Так и не стал судиться «за разницу» дед Лейбо, о котором не только в нашем дворе, во всей округе каждый знал, что он «удушится за копейку».
В ПЕРЕДЕЛКИНЕ
На косогоре, под сенью двух старых сосен далеко видна и всем здесь известна эта могила в милой оградке из березовых жердей и терновника, увенчанная памятником из серо-палевого недолговечного камня.
Над пустынным белым полем летит и тает колокольный звон. Летит к высокому дачному лесу, в чёрной глубине которого уже зажелтели первые огни. Это звонят в старинной церкви бояр Колычевых, которая стоит в ста пятидесяти метрах от могилы поэта.

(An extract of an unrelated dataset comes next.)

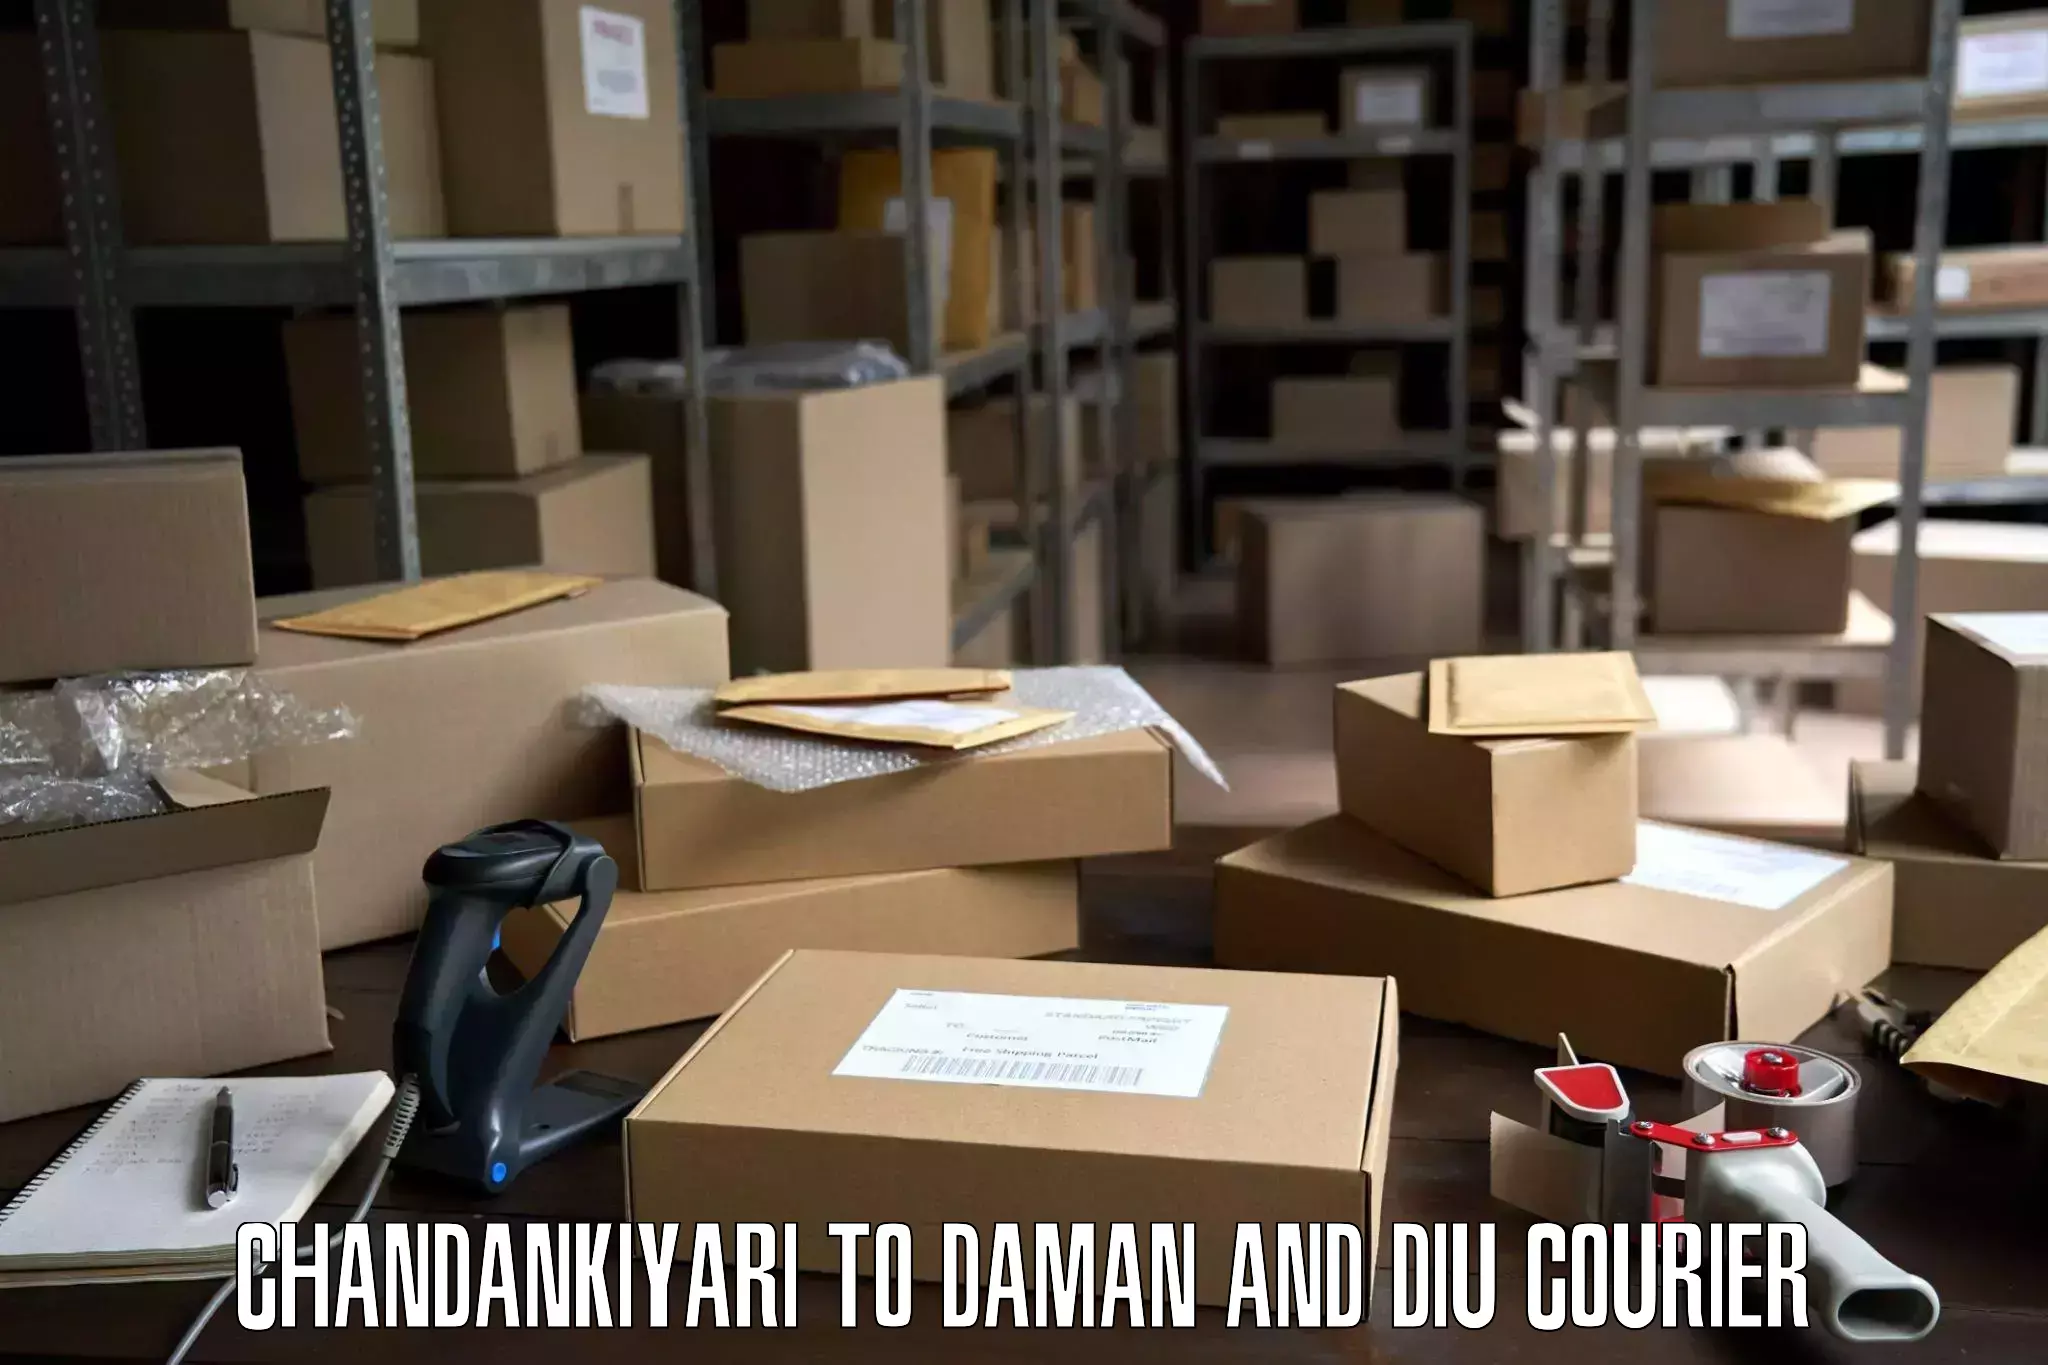 Furniture transport specialists Chandankiyari to Daman and Diu
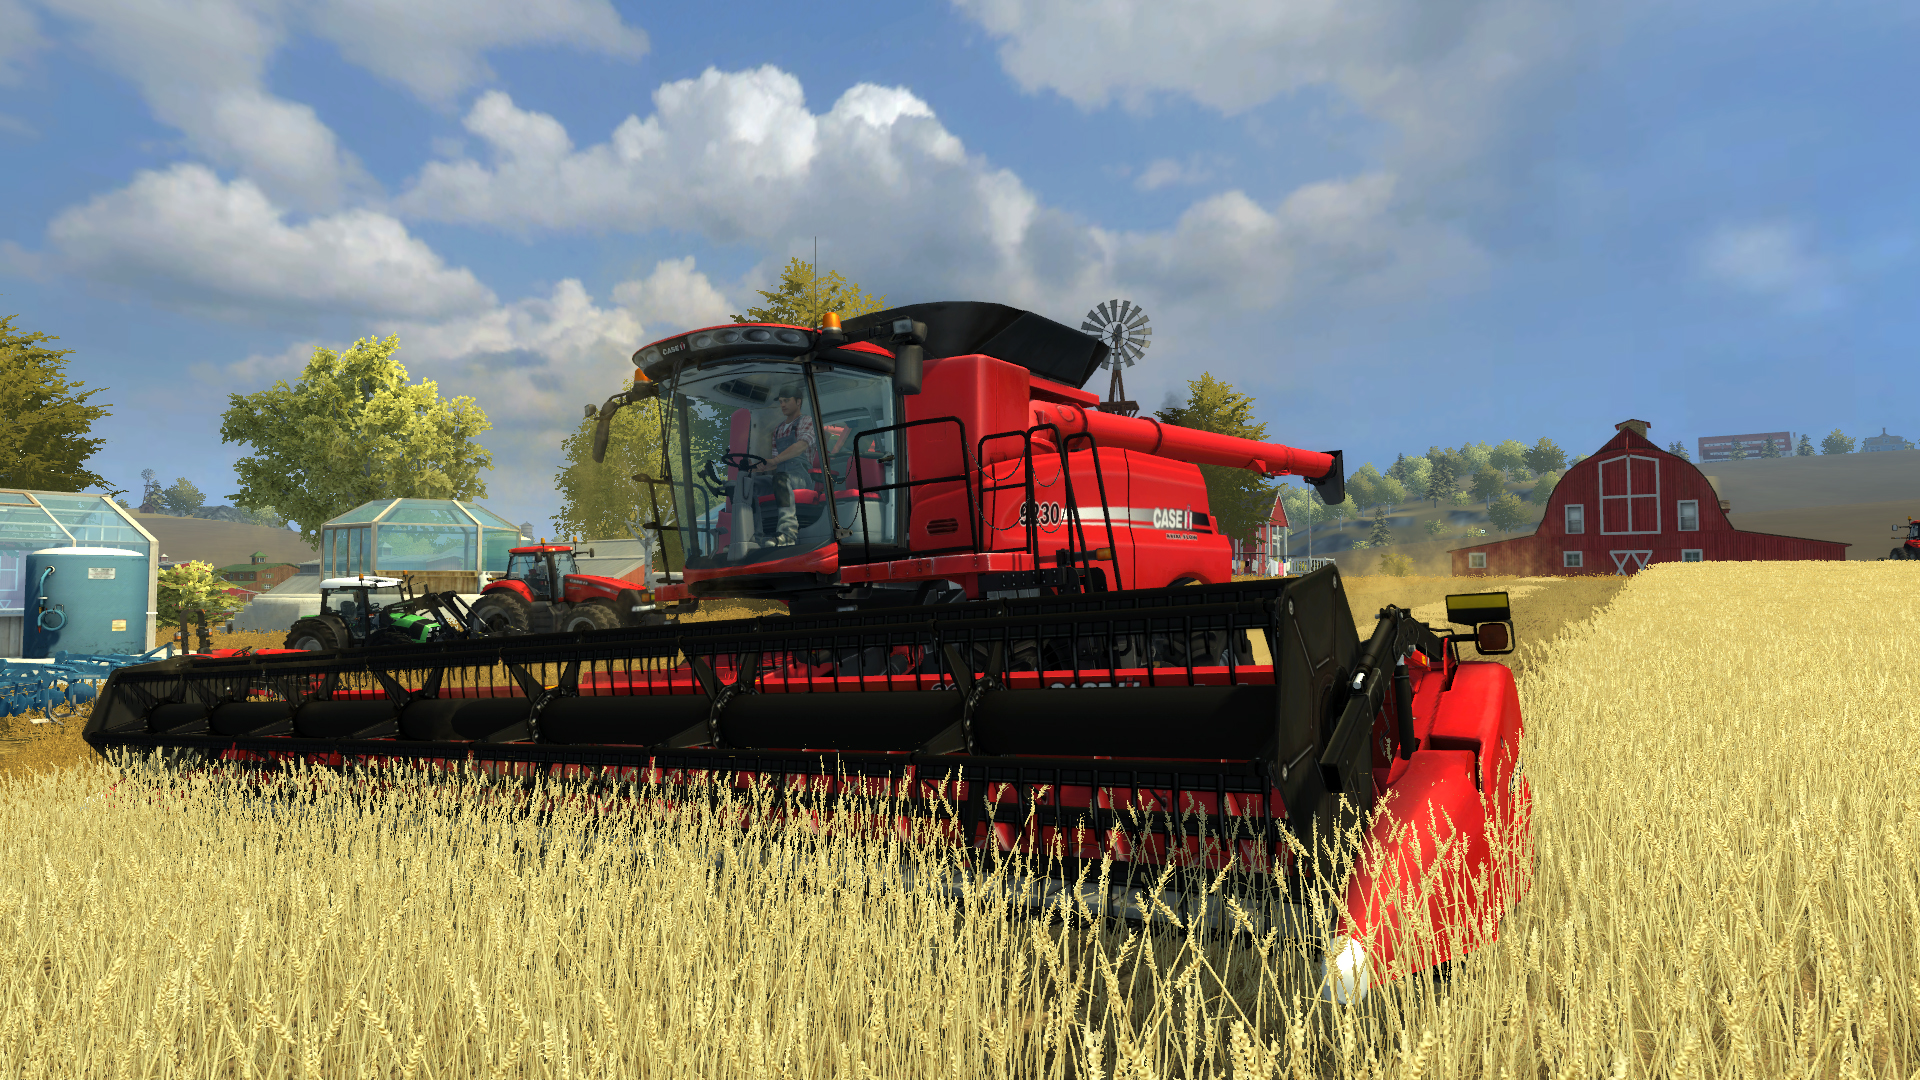 download farming simulator 22 platinum edition

Над заснеженным полем, как и триста, и четыреста лет тому назад, лениво летают чёрные вороны, густо каркают, предвещая скорые холода. Говорят, что поле это до сих пор не застроили домами и не изрыли канализацией потому, что писатели с дач упросили начальство оставить его неприкосновенным: для вдохновения. Здесь, в лесу, на дачах, живёт много писателей и прочего склонного к вдохновению люда. К вечеру это поле между лесом и кладбищем кажется таким неприкаянным и зябким, верно, от того, что с самого утра этот люд шарит по нему глазами, раздевает догола, утепляя свои души.
В мутно-голубых сумерках метёт мокрый тяжёлый снег. От могилы поэта слышен надрывной тонкий плач:
— Боренька! Мальчик мой…
Я спешу на электричку и стараюсь не глядеть в ту сторону, где чернеют кучкой провожающие. Голос женщины совсем молодой и сочный — наверно, умер маленький мальчик. Я с дрожью думаю о том, как нестерпимо лежать зимой в такую слякоть в могиле, как промерзает каждая косточка.
Сотрясая воздух, между деревьями с лязгом пролетает сверкающая электричка, полная живого, теплого народа. Все, кто лежит на этом кладбище, мимо которого я бегу, тоже, наверно, много ездили на электричках. Они спешили вот так же, по этой дороге, по снегу, по дождю, по летнему суху. Боялись опоздать на электричку, и некогда им было послушать, как плывёт и тает колокольный звон над полем-островом, оставленным администрацией для вдохновения певцов.
«Нет, это прошла не моя электричка, моя ещё через три минуты», — думаю я, споро вышагивая по шоссейной дороге вдоль кладбищенского забора. И могила под соснами, и новопреставленный мальчик остались позади, слева, а здесь вдоль дороги идёт высокий металлический забор — испокон веков живые прочно отгораживаются от мёртвых. Дорога освещена электрическими лампочками. Свет полосами мерцает на прутьях ограды, достигает первых крестов. Хорошо тем, кто лежит у дороги, им не так страшно. И мальчику здесь было бы лучше.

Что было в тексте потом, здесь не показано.